*EXCERPTED RECORDS:*
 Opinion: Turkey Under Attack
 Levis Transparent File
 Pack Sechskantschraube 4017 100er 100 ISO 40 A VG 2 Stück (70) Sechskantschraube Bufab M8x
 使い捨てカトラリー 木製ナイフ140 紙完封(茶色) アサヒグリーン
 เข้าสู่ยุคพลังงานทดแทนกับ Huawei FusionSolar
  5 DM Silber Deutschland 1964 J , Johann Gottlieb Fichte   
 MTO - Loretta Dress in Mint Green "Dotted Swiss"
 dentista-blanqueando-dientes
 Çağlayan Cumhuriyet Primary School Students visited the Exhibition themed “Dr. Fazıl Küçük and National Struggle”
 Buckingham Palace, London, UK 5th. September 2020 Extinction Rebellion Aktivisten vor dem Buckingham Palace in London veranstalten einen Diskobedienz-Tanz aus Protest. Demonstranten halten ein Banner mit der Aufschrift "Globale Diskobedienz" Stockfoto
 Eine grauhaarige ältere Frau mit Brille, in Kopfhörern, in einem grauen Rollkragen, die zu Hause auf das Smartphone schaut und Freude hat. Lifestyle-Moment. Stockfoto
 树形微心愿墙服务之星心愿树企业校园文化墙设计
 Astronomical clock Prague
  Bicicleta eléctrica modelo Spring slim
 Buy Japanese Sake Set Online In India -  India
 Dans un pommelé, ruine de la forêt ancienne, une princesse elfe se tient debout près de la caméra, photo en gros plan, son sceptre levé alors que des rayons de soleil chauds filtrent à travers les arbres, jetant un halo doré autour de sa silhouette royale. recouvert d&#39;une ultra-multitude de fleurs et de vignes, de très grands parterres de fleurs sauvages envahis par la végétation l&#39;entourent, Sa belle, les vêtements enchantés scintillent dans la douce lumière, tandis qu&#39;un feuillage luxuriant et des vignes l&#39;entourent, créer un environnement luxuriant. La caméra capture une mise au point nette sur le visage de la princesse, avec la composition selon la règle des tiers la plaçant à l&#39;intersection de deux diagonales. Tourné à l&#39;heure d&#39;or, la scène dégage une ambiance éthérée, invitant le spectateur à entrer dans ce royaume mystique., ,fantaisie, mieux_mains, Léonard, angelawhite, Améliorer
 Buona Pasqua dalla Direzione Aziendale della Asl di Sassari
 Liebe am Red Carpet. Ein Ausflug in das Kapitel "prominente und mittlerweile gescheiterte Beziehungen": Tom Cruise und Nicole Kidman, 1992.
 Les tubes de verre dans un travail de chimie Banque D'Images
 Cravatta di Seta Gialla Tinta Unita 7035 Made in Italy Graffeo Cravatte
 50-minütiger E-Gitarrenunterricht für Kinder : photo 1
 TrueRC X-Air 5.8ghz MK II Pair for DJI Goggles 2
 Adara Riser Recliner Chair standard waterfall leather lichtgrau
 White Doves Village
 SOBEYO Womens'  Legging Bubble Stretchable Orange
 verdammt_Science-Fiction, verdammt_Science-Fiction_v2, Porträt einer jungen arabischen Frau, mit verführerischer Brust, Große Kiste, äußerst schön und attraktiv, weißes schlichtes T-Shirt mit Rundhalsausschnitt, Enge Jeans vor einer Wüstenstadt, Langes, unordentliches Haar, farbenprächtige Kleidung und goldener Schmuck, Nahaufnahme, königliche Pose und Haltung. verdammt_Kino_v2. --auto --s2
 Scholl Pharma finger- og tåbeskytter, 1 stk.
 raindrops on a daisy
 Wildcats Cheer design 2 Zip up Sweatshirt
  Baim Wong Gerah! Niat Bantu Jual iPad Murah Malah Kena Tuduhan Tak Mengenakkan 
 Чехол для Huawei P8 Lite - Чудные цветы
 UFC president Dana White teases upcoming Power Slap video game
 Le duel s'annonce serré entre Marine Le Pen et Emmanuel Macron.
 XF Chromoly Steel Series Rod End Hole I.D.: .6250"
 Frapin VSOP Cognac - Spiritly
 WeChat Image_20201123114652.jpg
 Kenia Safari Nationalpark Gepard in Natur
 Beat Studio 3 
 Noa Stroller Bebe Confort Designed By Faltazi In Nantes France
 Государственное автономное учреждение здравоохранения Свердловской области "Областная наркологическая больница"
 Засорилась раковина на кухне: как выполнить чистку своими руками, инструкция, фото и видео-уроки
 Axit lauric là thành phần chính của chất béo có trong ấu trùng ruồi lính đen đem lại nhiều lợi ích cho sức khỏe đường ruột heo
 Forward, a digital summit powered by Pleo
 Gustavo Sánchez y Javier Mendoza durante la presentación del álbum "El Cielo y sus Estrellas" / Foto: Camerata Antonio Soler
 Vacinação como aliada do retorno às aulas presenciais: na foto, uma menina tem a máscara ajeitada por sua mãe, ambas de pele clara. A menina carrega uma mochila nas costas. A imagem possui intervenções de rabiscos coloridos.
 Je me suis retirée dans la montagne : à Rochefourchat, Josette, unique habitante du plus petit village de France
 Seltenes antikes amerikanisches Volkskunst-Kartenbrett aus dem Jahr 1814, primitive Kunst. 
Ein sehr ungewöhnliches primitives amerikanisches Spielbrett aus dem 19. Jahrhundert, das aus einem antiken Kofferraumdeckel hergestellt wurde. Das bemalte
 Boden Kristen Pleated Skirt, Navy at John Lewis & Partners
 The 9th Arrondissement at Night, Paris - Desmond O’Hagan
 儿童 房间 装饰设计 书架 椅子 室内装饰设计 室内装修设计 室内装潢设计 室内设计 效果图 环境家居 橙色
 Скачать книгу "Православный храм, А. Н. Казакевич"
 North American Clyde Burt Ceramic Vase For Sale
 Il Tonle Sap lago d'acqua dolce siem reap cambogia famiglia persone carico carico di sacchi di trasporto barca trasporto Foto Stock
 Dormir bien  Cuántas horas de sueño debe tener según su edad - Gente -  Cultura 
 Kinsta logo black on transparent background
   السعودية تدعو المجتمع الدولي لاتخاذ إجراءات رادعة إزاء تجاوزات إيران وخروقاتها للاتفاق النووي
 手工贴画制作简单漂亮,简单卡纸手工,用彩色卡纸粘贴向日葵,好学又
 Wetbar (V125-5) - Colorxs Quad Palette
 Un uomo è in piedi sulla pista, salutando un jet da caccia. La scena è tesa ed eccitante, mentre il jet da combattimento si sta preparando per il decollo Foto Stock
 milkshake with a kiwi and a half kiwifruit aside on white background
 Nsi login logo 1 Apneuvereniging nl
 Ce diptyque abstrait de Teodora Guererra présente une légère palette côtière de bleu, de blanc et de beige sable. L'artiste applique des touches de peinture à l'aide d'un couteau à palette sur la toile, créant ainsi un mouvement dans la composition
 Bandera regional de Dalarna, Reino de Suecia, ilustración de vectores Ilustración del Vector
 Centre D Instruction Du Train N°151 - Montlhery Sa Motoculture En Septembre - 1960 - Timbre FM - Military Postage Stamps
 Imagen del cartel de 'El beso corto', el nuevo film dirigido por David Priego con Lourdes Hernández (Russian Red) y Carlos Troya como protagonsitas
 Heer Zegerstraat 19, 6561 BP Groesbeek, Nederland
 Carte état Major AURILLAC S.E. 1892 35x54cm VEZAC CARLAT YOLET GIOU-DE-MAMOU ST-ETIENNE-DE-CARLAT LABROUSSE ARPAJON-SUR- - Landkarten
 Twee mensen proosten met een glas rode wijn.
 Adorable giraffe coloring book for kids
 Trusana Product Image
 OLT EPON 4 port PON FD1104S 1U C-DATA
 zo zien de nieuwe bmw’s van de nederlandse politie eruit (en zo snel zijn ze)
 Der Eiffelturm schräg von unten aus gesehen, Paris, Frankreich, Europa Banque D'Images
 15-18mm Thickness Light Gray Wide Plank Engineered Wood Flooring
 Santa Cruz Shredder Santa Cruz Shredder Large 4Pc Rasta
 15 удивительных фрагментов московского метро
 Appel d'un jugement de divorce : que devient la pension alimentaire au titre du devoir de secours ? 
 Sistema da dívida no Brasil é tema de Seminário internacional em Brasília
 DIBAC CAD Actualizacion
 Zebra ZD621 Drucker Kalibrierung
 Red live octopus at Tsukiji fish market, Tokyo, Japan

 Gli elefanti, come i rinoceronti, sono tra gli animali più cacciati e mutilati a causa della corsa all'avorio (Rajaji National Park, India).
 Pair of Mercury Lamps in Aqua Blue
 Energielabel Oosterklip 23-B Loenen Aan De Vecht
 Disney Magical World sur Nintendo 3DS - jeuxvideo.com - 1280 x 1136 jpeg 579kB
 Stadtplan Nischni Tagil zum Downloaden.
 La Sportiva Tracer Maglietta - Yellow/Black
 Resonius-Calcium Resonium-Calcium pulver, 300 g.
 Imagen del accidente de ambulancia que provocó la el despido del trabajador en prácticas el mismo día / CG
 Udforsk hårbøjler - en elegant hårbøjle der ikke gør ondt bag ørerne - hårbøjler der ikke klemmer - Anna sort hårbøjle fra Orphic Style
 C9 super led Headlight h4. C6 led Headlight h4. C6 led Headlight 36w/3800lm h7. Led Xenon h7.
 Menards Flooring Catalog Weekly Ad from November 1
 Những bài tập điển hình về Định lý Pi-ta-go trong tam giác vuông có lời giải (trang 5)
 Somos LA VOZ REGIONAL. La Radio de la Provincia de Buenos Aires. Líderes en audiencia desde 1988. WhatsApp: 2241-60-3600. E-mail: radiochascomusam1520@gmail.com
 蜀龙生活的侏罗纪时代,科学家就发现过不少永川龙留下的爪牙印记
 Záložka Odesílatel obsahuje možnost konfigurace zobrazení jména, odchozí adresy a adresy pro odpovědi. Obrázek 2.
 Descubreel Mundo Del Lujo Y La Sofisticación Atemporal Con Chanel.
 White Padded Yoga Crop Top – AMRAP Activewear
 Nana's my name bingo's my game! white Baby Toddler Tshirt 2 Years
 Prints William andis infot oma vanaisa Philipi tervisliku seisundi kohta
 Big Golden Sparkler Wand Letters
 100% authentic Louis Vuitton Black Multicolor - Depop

*ACTION ITEM:* From the listing above, repeat exactly the lines starting at the line that includes "храм, А. Н." and ending at the line that includes "Un uomo è in", with nothing outside that span.

*RESULT OF THE EXERCISE:*
 Скачать книгу "Православный храм, А. Н. Казакевич"
 North American Clyde Burt Ceramic Vase For Sale
 Il Tonle Sap lago d'acqua dolce siem reap cambogia famiglia persone carico carico di sacchi di trasporto barca trasporto Foto Stock
 Dormir bien  Cuántas horas de sueño debe tener según su edad - Gente -  Cultura 
 Kinsta logo black on transparent background
   السعودية تدعو المجتمع الدولي لاتخاذ إجراءات رادعة إزاء تجاوزات إيران وخروقاتها للاتفاق النووي
 手工贴画制作简单漂亮,简单卡纸手工,用彩色卡纸粘贴向日葵,好学又
 Wetbar (V125-5) - Colorxs Quad Palette
 Un uomo è in piedi sulla pista, salutando un jet da caccia. La scena è tesa ed eccitante, mentre il jet da combattimento si sta preparando per il decollo Foto Stock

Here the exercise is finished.